Linked List: July 20, 2009

Rich Mogull on the Security Features of the iPhone 3GS 

Rich Mogull:

The iPhone 3GS includes a hardware encryption chip that uses the industry-standard AES 256 protocol (that’s the Advanced Encryption Standard, with a key length of 256 bits). Hardware encryption enables a device - a phone, a hard drive, or what have you - to be nearly instantly wiped by erasing the encryption key stored on the device.

PCalc 1.7 

A detailed review of what’s new in PCalc 1.7 for iPhone.

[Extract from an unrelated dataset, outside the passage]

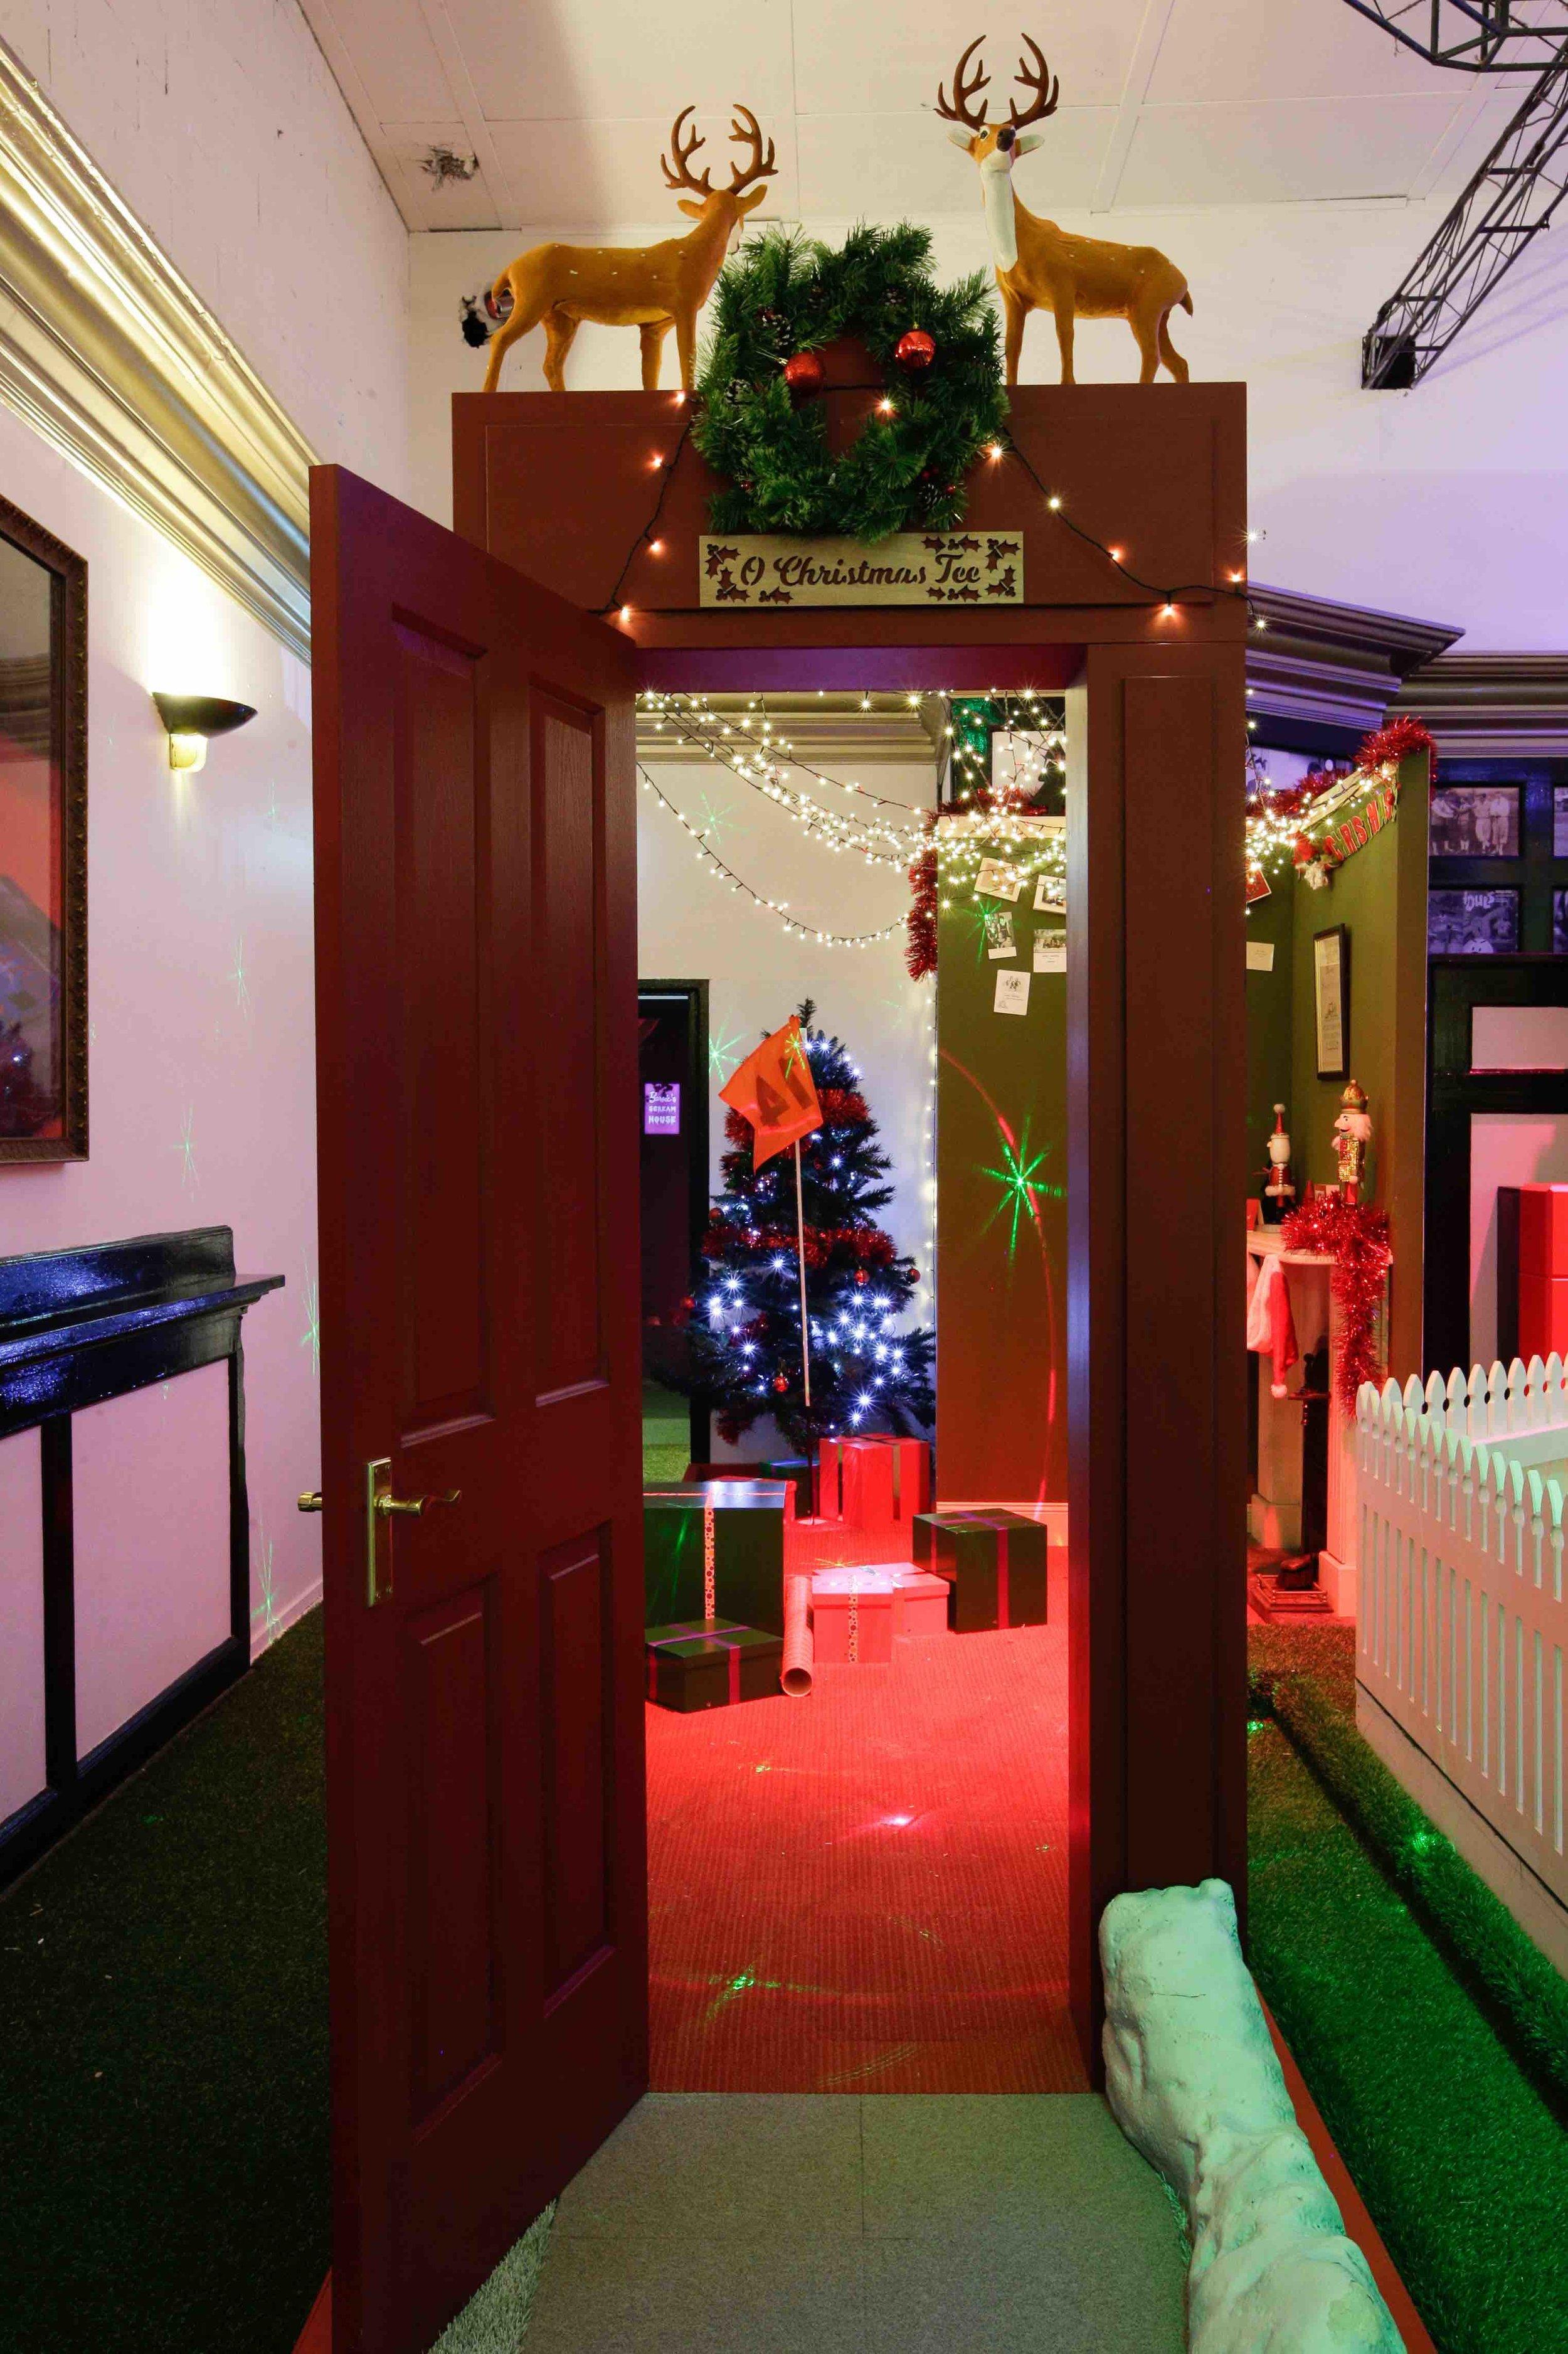 holey-moley-golf-club-launch-2017-interior-o-christmas-tree-1.jpeg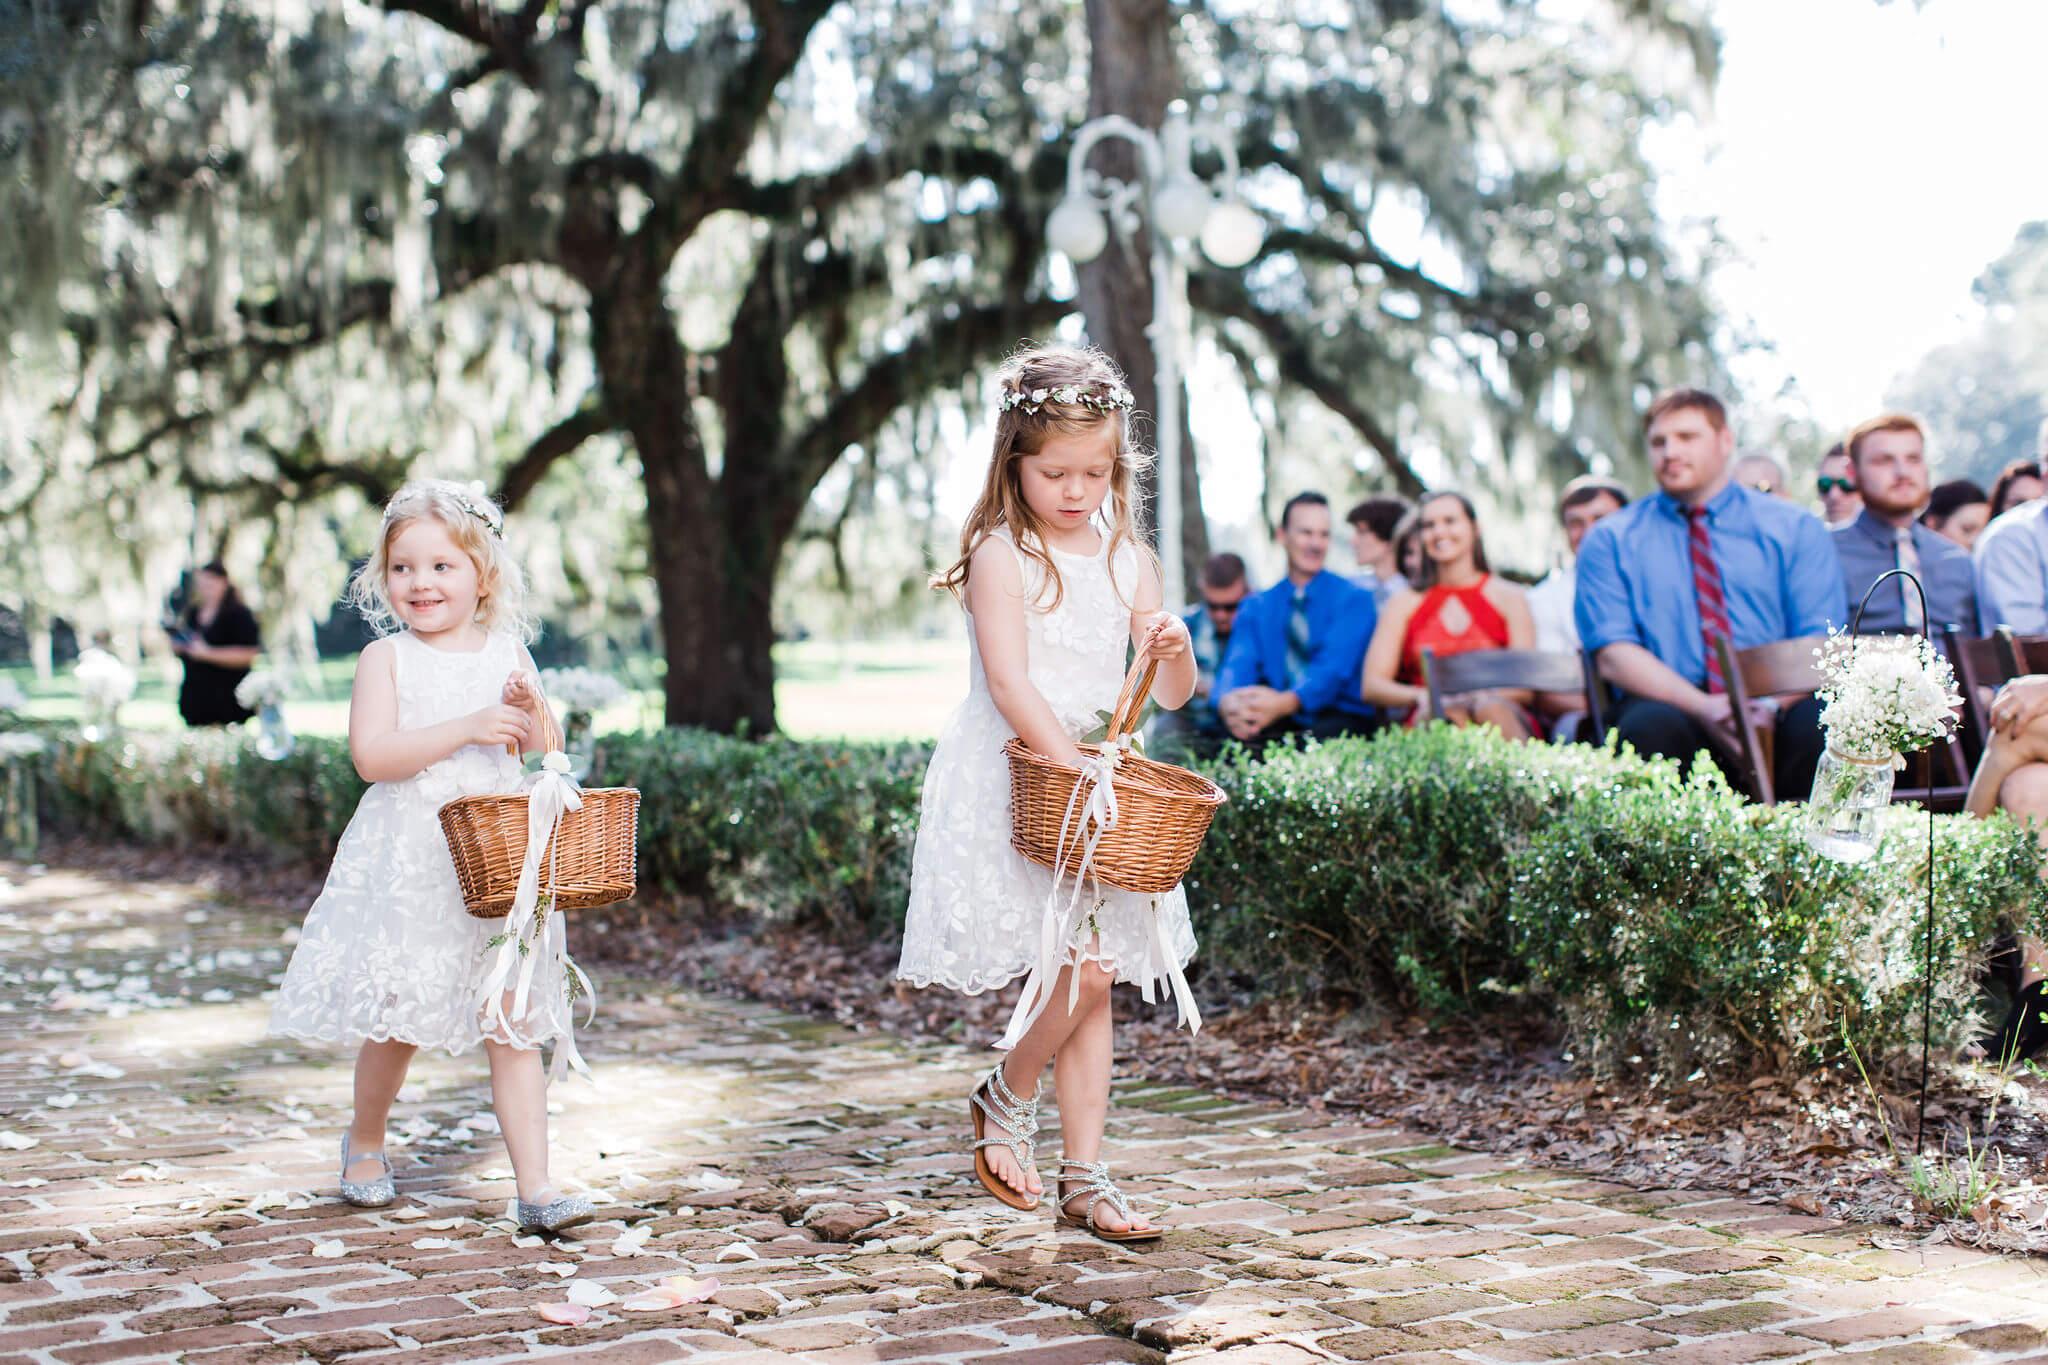 apt-b-photography-savannah-wedding-photographer-savannah-wedding-charleston-wedding-photographer-75.JPG

Apple and RIM Outsmart the Phone Market 

Sara Silver, reporting for the WSJ:

[Apple and RIM] accounted for only 3% of all cellphones sold in the world last year but 35% of operating profits, according to Deutsche Bank analyst Brian Modoff. The disparity will become even starker this year when, he estimates, the two will take 5% of the market in unit terms but 58% of total operating profits.

The graphs are striking. This is the same route Apple has chosen with the Mac: an emphasis on profit share rather than unit sale share.

Apollo 11 Landing on TV as It Aired 40 Years Ago 

Fabulous idea and presentation from Kottke.

Why Japanese Cell Phones Haven’t Gone Global 

Hiroko Tabuchi reports for the NY Times:

The Japanese have a name for their problem: Galápagos syndrome. Japan’s cellphones are like the endemic species that Darwin encountered on the Galápagos Islands — fantastically evolved and divergent from their mainland cousins — explains Takeshi Natsuno, who teaches at Tokyo’s Keio University.